For anyone not blessed enough to having been raised in Americas rural west. Sheep riding or Mutton Busting is a sadistic rodeo activity where innocent children are placed on the back of equally innocent sheep and turned loose for their gleeful parents to watch and cheer on. I do not believe there has ever been a case where a child looked forward to this always embarrassing and sometimes crippling event. It was all for the adults.
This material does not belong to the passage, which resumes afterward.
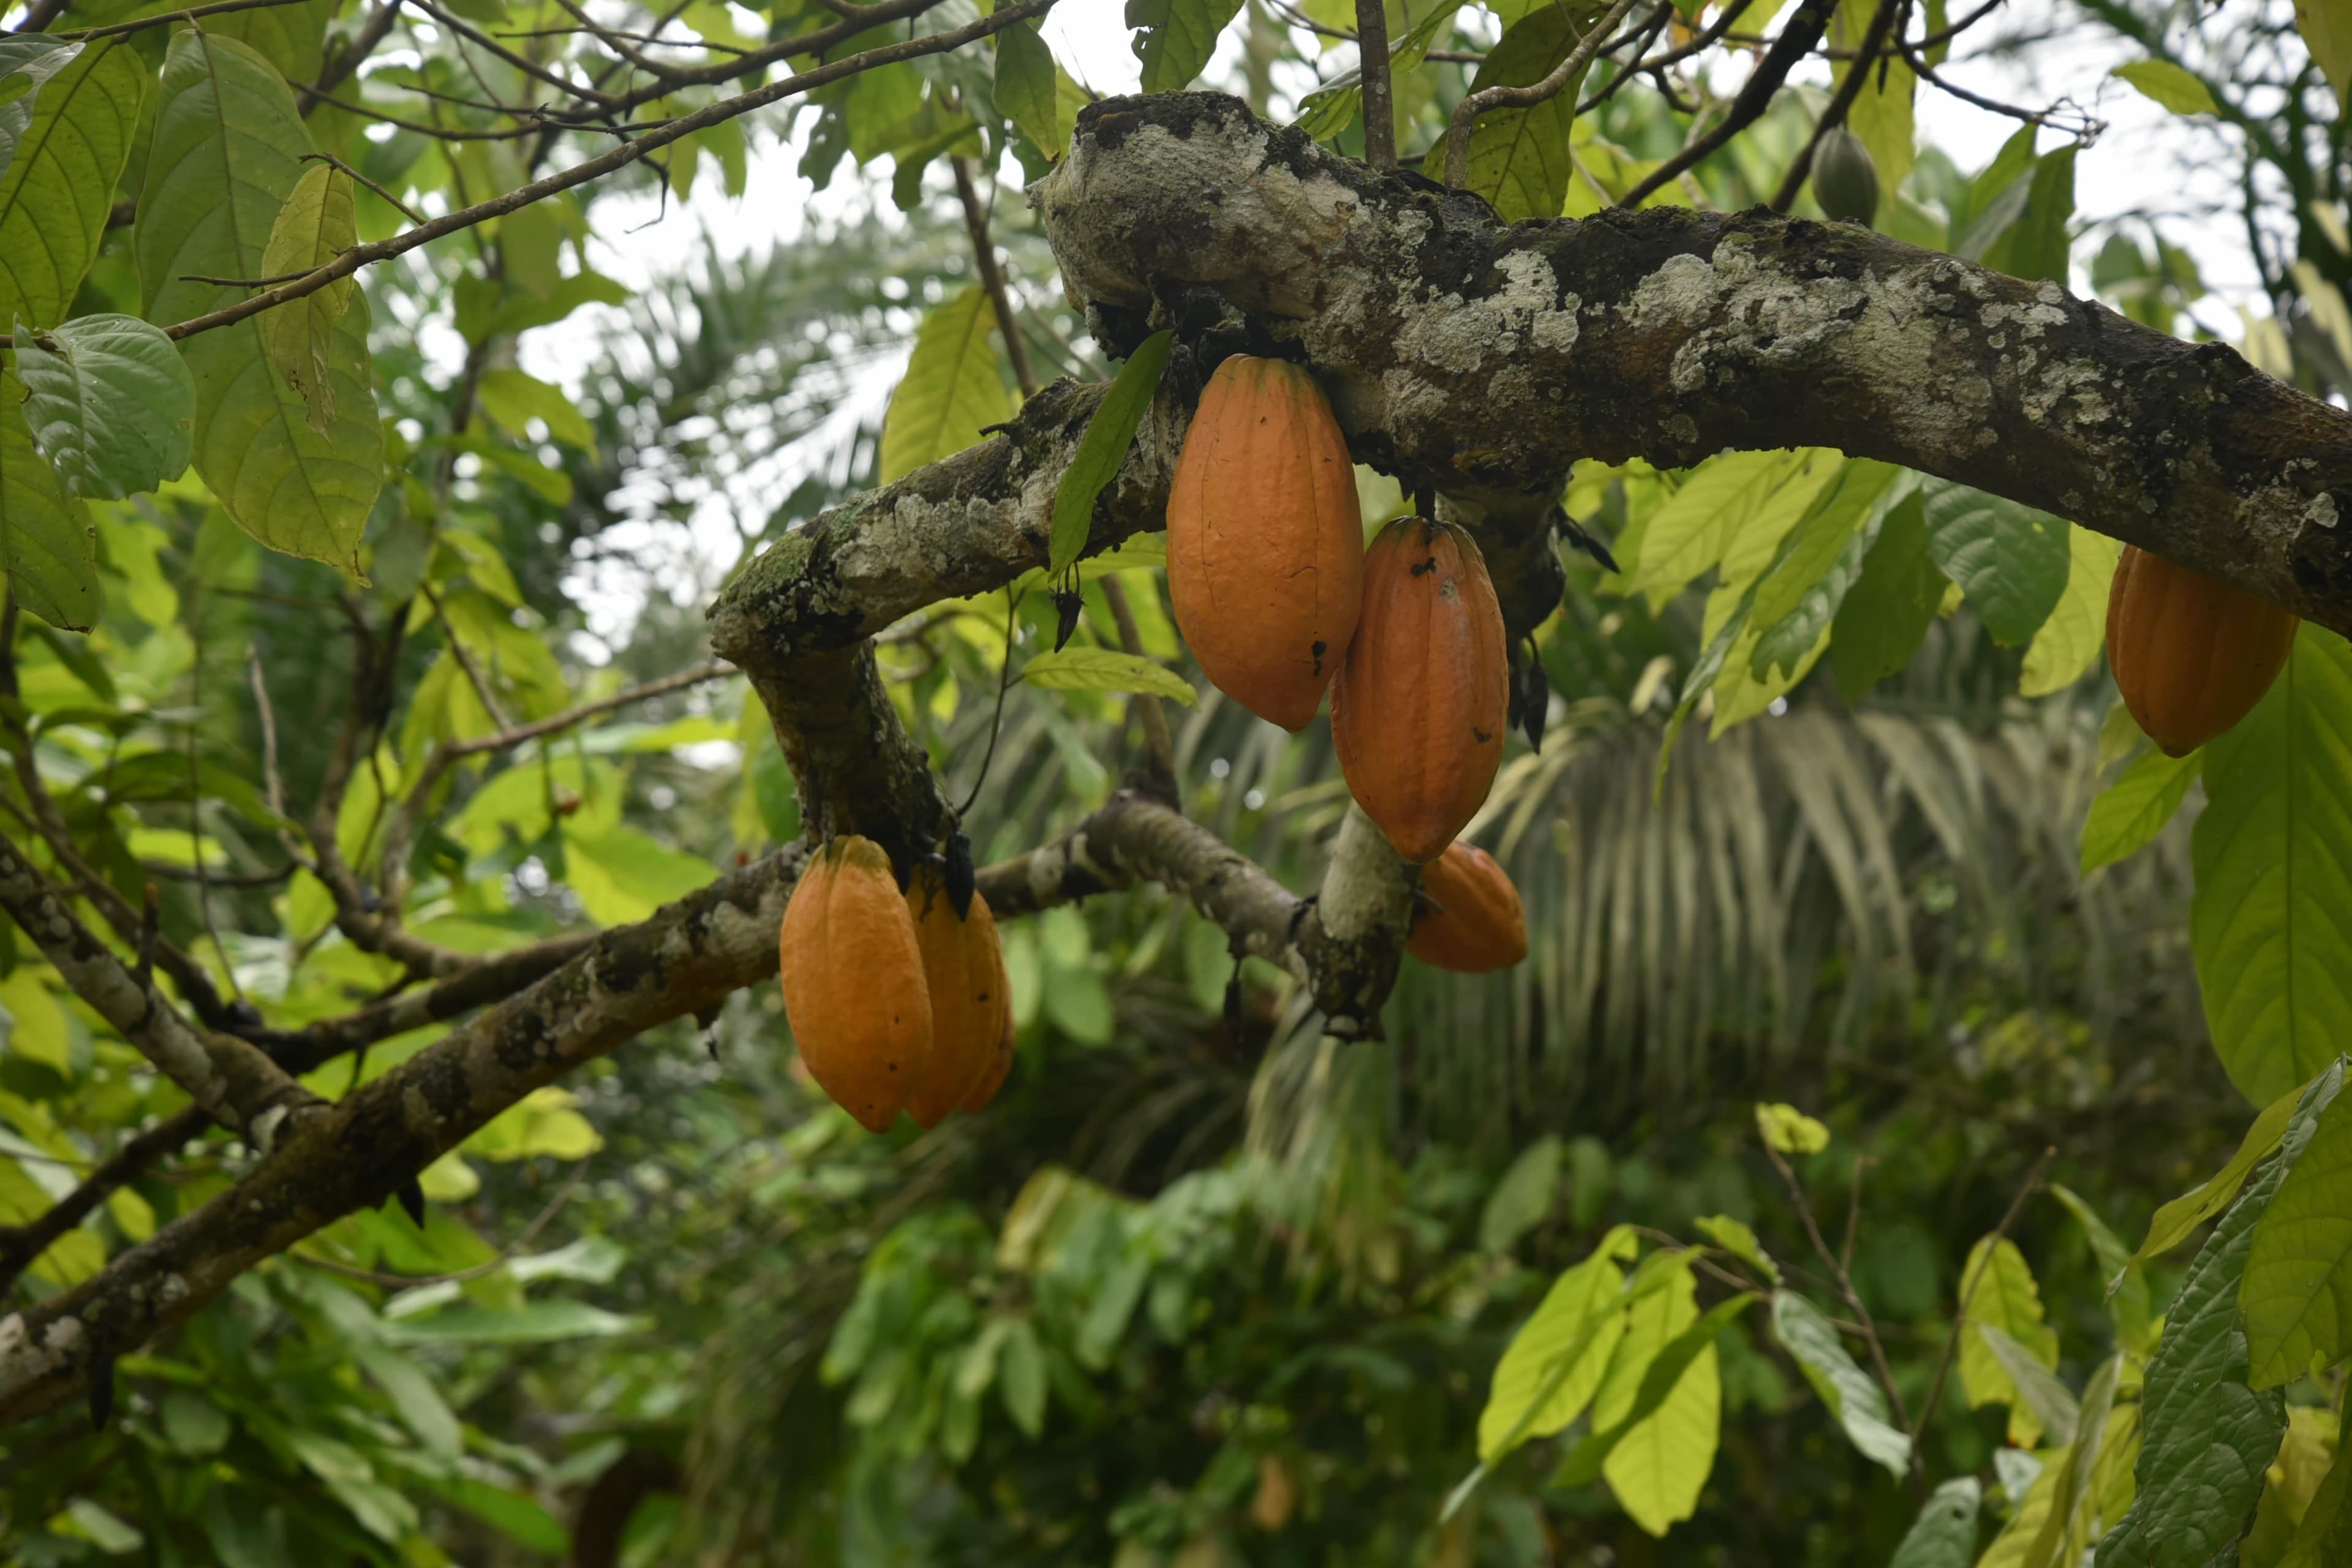 Joint Framework for Action – Roadmap to Deforestation-free Cocoa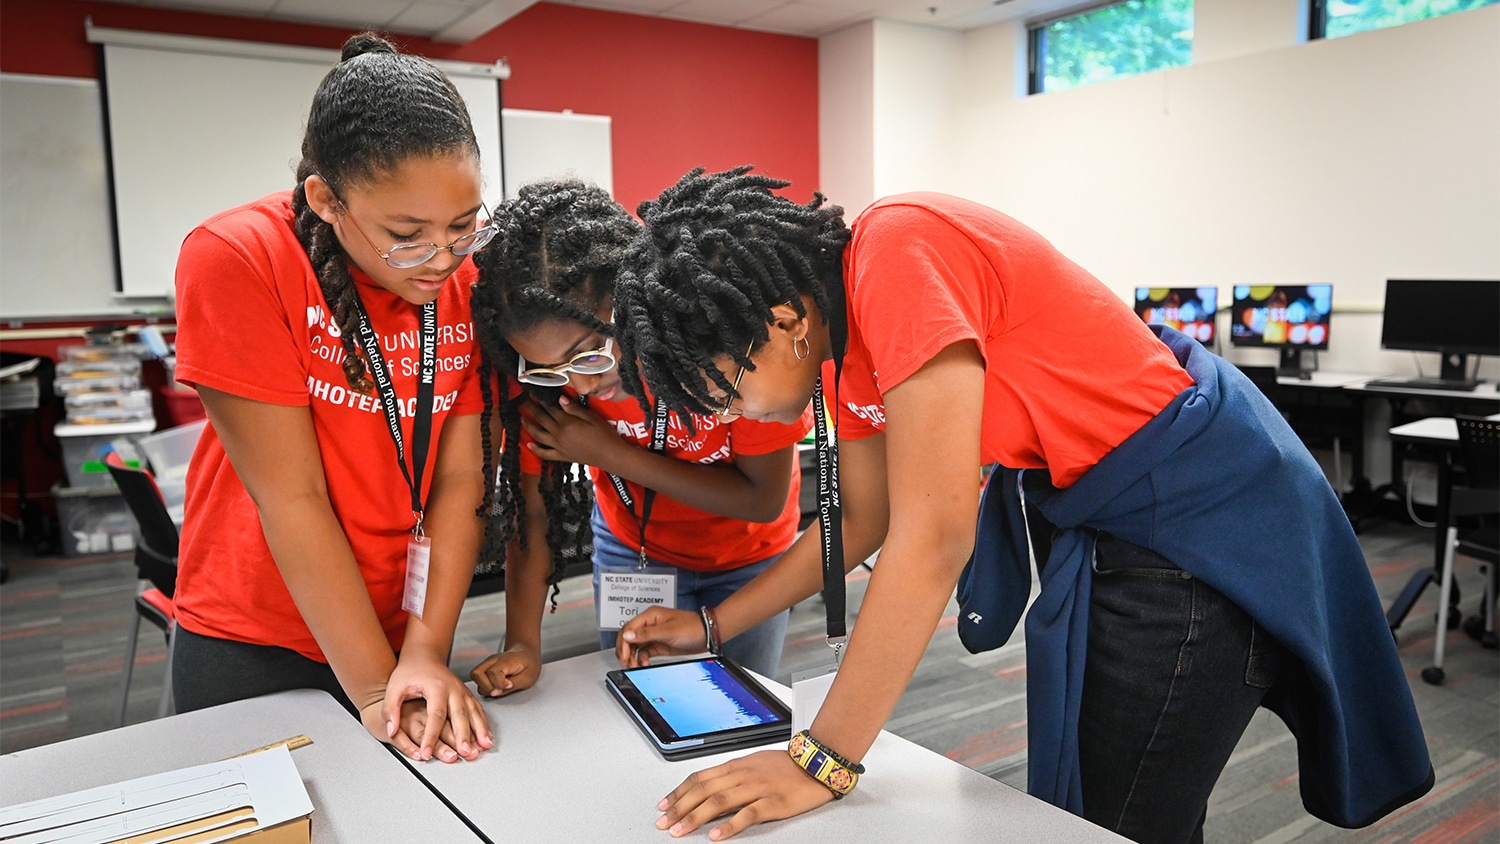 Three female students huddle around a tablet on a white table during an IMHOTEP Academy event at The Science House.

I remember being put on a very angry Ewes back and griping a string placed in my hands and hearing my fathers booming voice saying " Hang on boy, she looks like a mean one"! My sense of survival quickly helped me decide that the string was not the best handle and I grabbed two fist fulls of Suffolk wool, Right then the gate flew open and the she devil of mutton launched herself into the Idaho sky. The following few seconds seemed like a eternity as the woolly kangaroo I was clinging to did its best imitation of a jack hammer. I soon found myself wrenched free of the beast and I flew through the air and landed with a resounding plop on the ground. As my senses came back I picked my self up, and started dusting off my britches realising I was unhurt! I could hear the small crowd cheering. And was about to take a bow when I heard my Dads unmistakable voice laughingly shout " run boy! Run for your life"! I stole a look over my shoulder and saw that the sheep had made a circle around the arena and was now on a high speed course to run me down. I let out a scream of absolute terror and headed at top speed for the corral fence. All around me I heard adults laughing and cheering me on. I was obviously providing them with more entertainment then they had bargained for. Just as the pole coral seemed within reach I felt a horrible burst of pain on my young butt as the Ewe collided with me and for the second time in about sixty seconds I was airborne. By some miracle I flew between the poles on the corral, not hitting them and landed in a heap outside the arena. As I was deciding if I was alive or not I felt myself being picked up and my father was dusting me off. I will never forget the pats on my back and adult congratulations heaped on me. I was just astonished that I had survived such a horrible experience and was about to take the aforementioned bow when I heard my Dad say. "Good job Son, you made the finals! you get to go again in about 10 minutes"!